Heading towards Chalet Inn I’m stopped by an oncoming driver. Carla’s in a red pickup and asks me if everything is OK. She’s got a place over on West 1st and Choctaw that she rents out as a boarding house for truckers. She offers a room for $10. I pedal as fast as I can to keep her tail lights in sight as unseen dogs erupt in barking from inside every house along the way.

The pale brick building was once the town’s medical clinic, which makes me uneasy. Growing up I watched too many episodes of Unsolved Mysteries with Robert Stack, and this setting must have a bloody past. Carla remembers getting checkups and vaccines where the kitchen is now. The surgical center is now a bathroom with the same drain in the floor.

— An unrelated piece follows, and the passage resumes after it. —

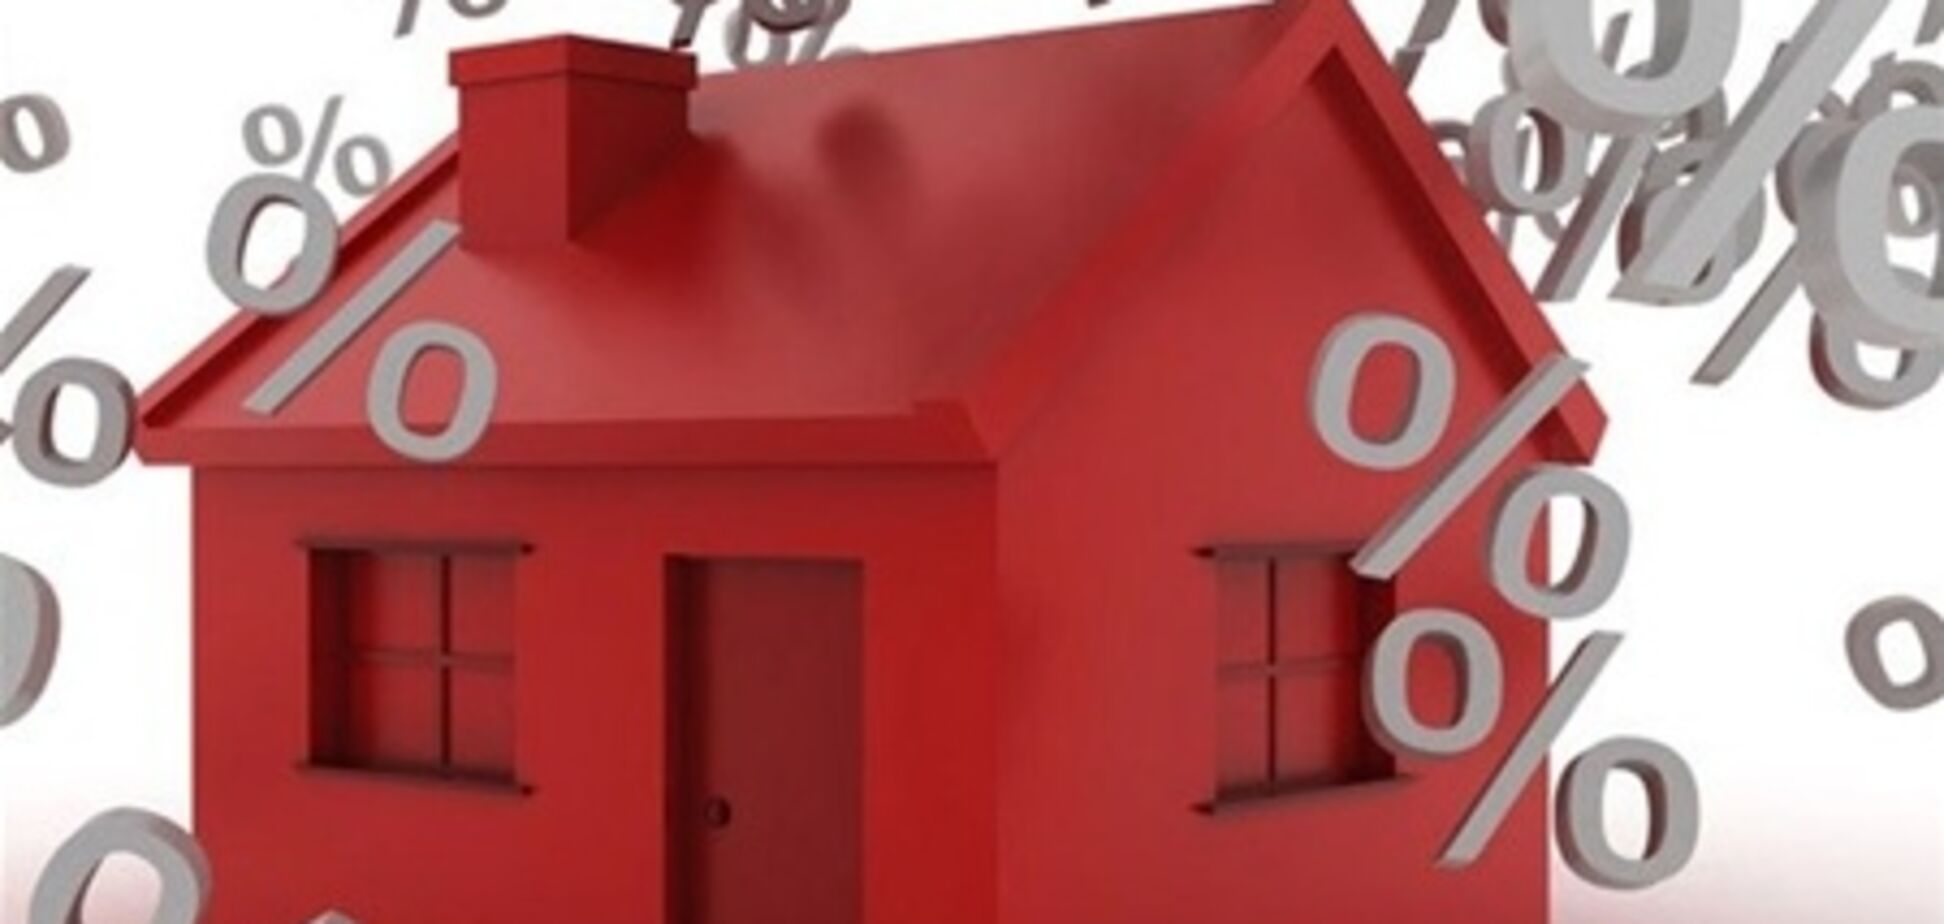 Для льготной ипотеки сумму первого взноса снизят до 10%

Carla leaves and I’ll never see her again. I’m alone. Jane only made it to the rest area and is camping with snakes. I’ll never see her again either. It’s deathly quiet, and I’m pretty sure I’m not going to make it through the night alive.

Doors in the hallway come together at odd angles, a disorienting touch like a hall of mirrors. I’m the last door on the left, which touches the edge of the last door on the right. I’m not sure if any rooms are occupied. I’m scared if they are and even more scared if they aren’t.

My room is lit with a single bulb. The bed is bare mattress. The window is boarded up. Surprisingly, the TV works and gets a few channels. It’s one of those giant boxes leftover from the late 90s. I turn it on low just for company. The picture is grainy, but I don’t care about Sunday night football anyway. I spread a tarp over the mattress and build a temporary nest with my sleeping pad and bag. I’m basically camping indoors.

The bathroom sink is full of simple toiletries from truckers en route to destinations unknown, maybe here. The shower is better than expected and syringe-wielding ghosts I fear will attack me fail to materialize. Let’s be honest, the Chalet Inn probably isn’t much better, and I'm saving money here.

Best of all, there’s free laundry with modern machines. When you’ve been on the road as long as I’ve been, modern washing machines can totally make your night. I wash a load and fall into an uneasy sleep with the Cowboys trailing the Seahawks.